Authentication server request

The rules in this rule set apply to the authentication server when it manages SAML authentication using an external Identity Provider. The authentication server processes the SAML authentication response, but does not set the cookie in this rule set. Cookie authentication is handled by the rules in the Cookie authentication at HTTP(S) rule set instead.

Nested library rule set – Authentication server request
CriteriaAuthentication.IsServerRequest equals true
Cycles – Requests (and IM)

This rule set contains the following rules.

Redirect clients that have a valid cookie

Rule element Definition
Criteria Authentication.Authenticate <Authentication Server - Cookie Check> equals true
Action Redirect <Redirect Back From Authentication Server>
Events None

The authentication server redirects users having a valid cookie to the proxy. To change the cookie checking settings used by the authentication server, click <Authentication Server - Cookie Check>. To provide custom settings for logging purposes, click <Redirect Back From Authentication Server>.

Prepare fixed ACS URL

Rule element Definition
Criteria Always
Action Continue
Events Set User-Defined.SAMLUrlRewrite = URL.Protocol + "://" + URL.Host + "- enter your URL here -"

You can configure a static ACS URL for external Identity Providers who do not support dynamic URLs in this rule. If set, this value must match the ACS URL value configured in the SAML Response settings.

POST SAML authentication request

Rule element Definition
Criteria Command.Name does not match POST
Action Block <SAML request>
Events

Set Authentication.SAML.RelayState = URL

Set Authentication.Token = Authentication.SAML.CreateAuthnRequest

(User-Defined.SAMLUrlRewrite)<SAML Request>

HTTP.SetStatus (200)

The authentication server sends the RelayState parameter and SAML authentication request in a POST form to the external Identity Provider. The RelayState parameter saves the value of the authentication server URL at the time the request is created. The request is created using values configured in the Web Gateway interface. The authentication server then sets the HTTP status code to 200 (OK). To change the SAML authentication request configuration, click <SAML Request> in this event.

Handle SAML authentication response

Rule element Definition
Criteria Command.Name equals "POST"
Action Continue
Events

Set Authentication.Token = Request.POSTForm.Get ("SAMLResponse")

Set Authentication.IsAuthenticated =

Authentication.SAML.ParseAuthnResponse ("POST",

User-Defined.SAMLUrlRewrite,

Authentication.Token) <SAML Response>

This rule retrieves the SAML response in the POST form sent by the external Identity Provider and stores it in the Authentication.Token property. It parses the response and returns a TRUE value if the response is valid and a FALSE value if it is not. To change the SAML authentication response configuration, click <SAML Response>.

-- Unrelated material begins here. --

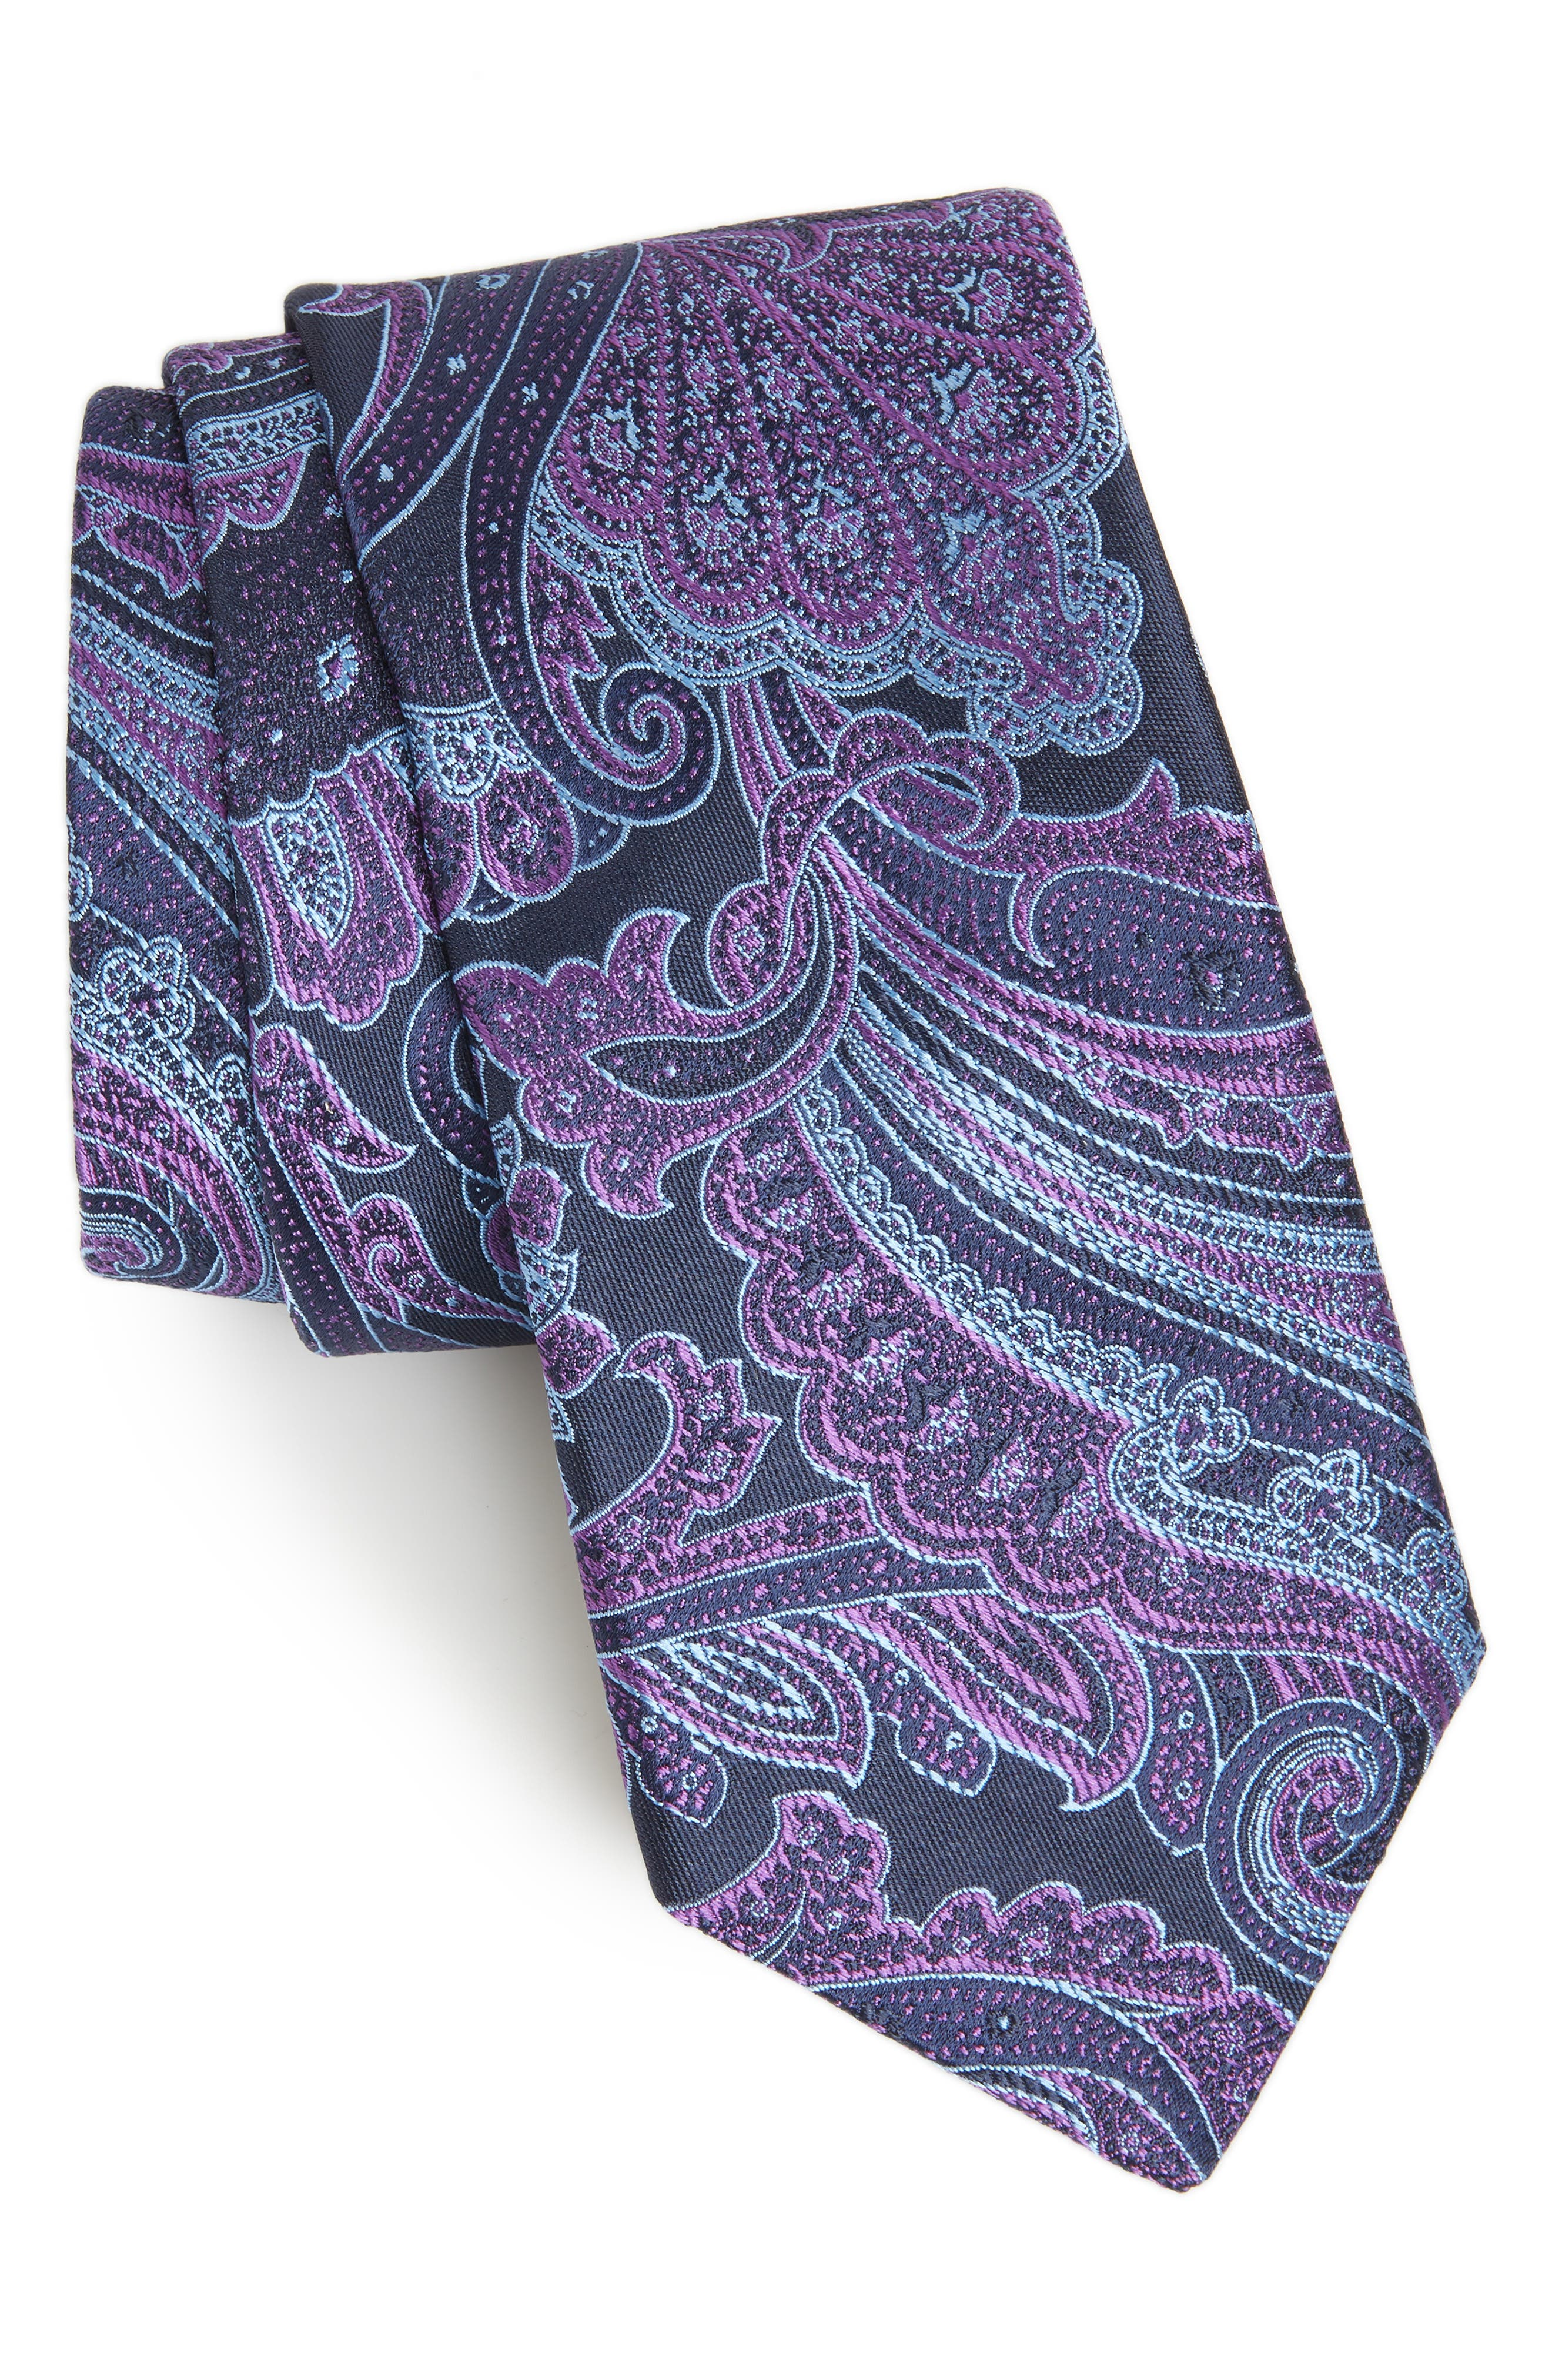 TED BAKER LONDON,                             Paisley Silk Tie,                             Main thumbnail 1, color,                             PURPLE

Block invalid SAML response

Rule element Definition
Criteria Command.Name equals "POST" AND Authentication.IsAuthenticated equals false
Action Block <Authorized Only>
Events None

After the SAML response is parsed, this rule checks the value of the property Authentication.IsAuthenticated. If the property is false, the SAML response is invalid and processing of the response is blocked. To provide custom settings for logging purposes, click <Authorized Only>.

Set user name and groups

Rule element Definition
Criteria Always
Action Continue
Events

Set Authentication.UserName = Map.GetStringValue (Authentication.SAML.Attributes, "userId")

Set Authentication.UserGroups = String.ToStringList (Map.GetStringValue (Authentication.SAML.Attributes, "userGroup"), ", ", "")

This rule maps the SAML attributes "userId" and "userGroup" to the Authentication.UserName and Authentication.UserGroups properties, respectively. You can use the rule editor to change the names of the SAML attributes that are mapped to the authentication properties.

Block empty user name

Rule element Definition
Criteria Authentication.UserName equals ""
Action Block <Authorized Only>
Events None

If the user name property is empty, this rule blocks processing of the response. To provide custom settings for logging purposes, click <Authorized Only>.

P3P header to permit third party cookies in Internet Explorer

Rule element Definition
Criteria Always
Action Continue
Events Header.Block.Add ("P3P", "CP="NOI CUR OUR STP STA"")

The P3P string is required for the Platform for Privacy Preferences Project (P3P). The string must match the privacy settings in the user's browser. If the P3P string is not updated as shown in the table and the browser is Internet Explorer, processing fails.

Redirect authenticated client back to proxy

Rule element Definition
Criteria Always
Action Redirect <Redirect Back From Authentication Server>
Events None

According to the final rule in the rule set, the authentication server redirects the authenticated user back to the proxy. To provide custom settings for logging purposes, click <Redirect Back From Authentication Server>.